ブログの記事は「情報」ではない

前回ウェブログ図書館を紹介したところ、その翌日になんと当ブログの記事が登録されてました(汗)しかも全部で15個も。
う〜む・・・紹介したから乗っけてくれたのか、それとも偶然のシンクロなのか・・・おそらくタイミング的には後者だとは思うけどそれにしても何か最近こういう事が多くて何だか恐い。(例のコメントの件でもオレが偽者だと思ったのは記事をUPしてすぐに付いたコメントだったからなのです。そんな偶然ありえないだろ〜と思ったわけで・・・)
とにかく自薦しようかとちょっと思ってたくらいなので素直に嬉しい。有名ブロガーの記事の中にこんな弱小ブログの記事が並んでいて恐縮する気持ちもあるけど「アクセスだけがブログの価値ではない」と考えているオレとしてはこの編集方針はありがたい。
そういうわけでこのウェブログ図書館の方向性についてオレが考えてる事をもうちょっと詳しく書いてみたい。



まず前回言った「フロー」と「ストック」の概念に関しては上の記事が参考になる。ここでは
【フロー】 =【議論】
【ストック】=【知的蓄積】
と定義されていてブログの記事がストックになる事の難しさを説かれている。そしてやはりブログが知的蓄積となる為にはまとめ文献やまとめサイトが必要であると考えているようである。
で、当然(?)ウェブログ図書館にはこの知的蓄積としてのストック機能が求められていると思うが、これに関して前回言った「ある程度過去のものになった記事を掲載」というのに絡めてもう少し突っ込んでみる。

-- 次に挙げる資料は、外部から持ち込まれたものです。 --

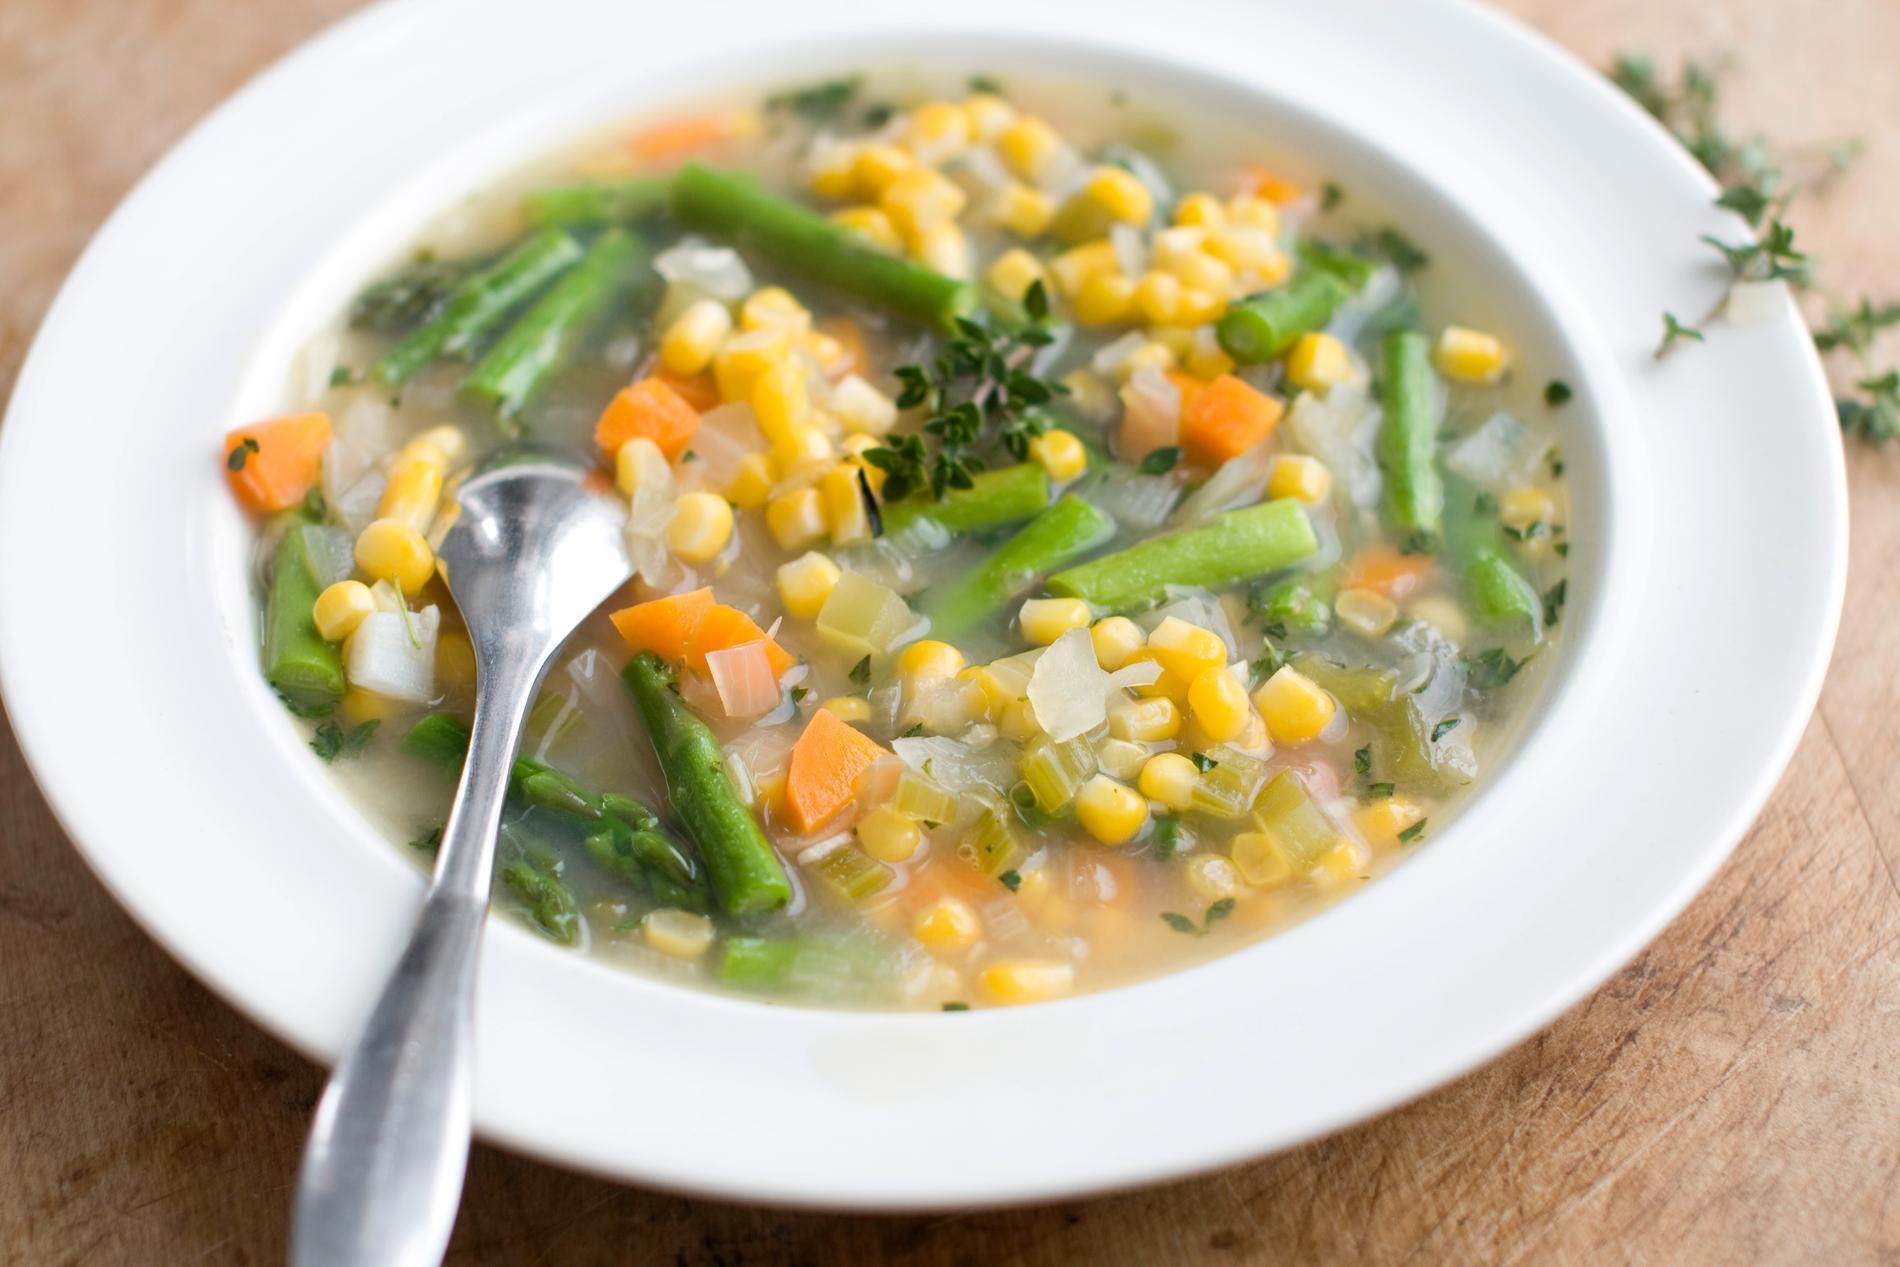 Grönsakssoppa är mest populära vegetariska alternativet bland svenskarna, visar Food and Friends årliga matrapport.

オレ自身はブログの面白さはフロー性にある、と考えている。このフロー性とは一言でいうとそれが常に変化している事あるいは変化する可能性を秘めている事、であると思われる。
トラックバックによる発展、転回。コメントによる感想、補足。これらによって情報が増えたり意味づけが変わったり他の記事と繋がったりの様々な変化をするのがブログの面白さであるのだと思う。
で、この「変化する」という事を前提に考えると、ブログにおける記事は厳密には「情報」とは言えないのである。実は。
これはオレの尊敬する養老孟司先生による情報の定義なのだが、子曰く


>情報は固定化された事象(『人間科学』より)


この定義で考えるとブログの記事はそのままでは「情報」足りえない。コメントやトラバもそうだが最も重要なのはブログの記事は書き手によって常に修正が可能である、という点である。といってもこれは何もブログに限った話でなくネットの世界に存在する大半のものは固定化しておらず常に内容自体が変化する可能性を秘めている。従ってこれらのものは「情報」というよりは養老先生の言う「実体」と言った方が正確だと思われる。子曰く


>実体は常に変化する固定化されていない事象(同上)


で、これを「フロー」「ストック」という概念に絡めて考えると


【フロー】 =【流動性】=【実体】
【ストック】=【固定化】=【情報】


という事になる。つまりブログの記事はストックされて初めて情報になる、ストックする事は情報化する事、という事なのである。
そういう意味では現状のウェブログ図書館では登録記事はリンクを張っているだけなので情報化、固定化しているという事はできない。業務日誌の『ブログの閉鎖対策』『ウェブログ図書館の現状と課題(2)』を見る限りやはりこのブログ記事をいかに情報化するか、というので苦心されているように感じる。基本的にはそれを固定化しなければ知的蓄積、ストックにはなりえないのだが、ただウェブ図書館自体がネットという極めてフロー性の高い世界に存在している限り完全に情報化する事はまず出来ないしする必要もないと思う。ある程度、で構わない。
それよりむしろあまりに早すぎるストック化はブログの特性であるフロー性を阻害しかねないという事に注意が必要だと思われる。


・・・というところまで持っていくつもりだったんですが、長くなりそうなのでそれは次回にします〜。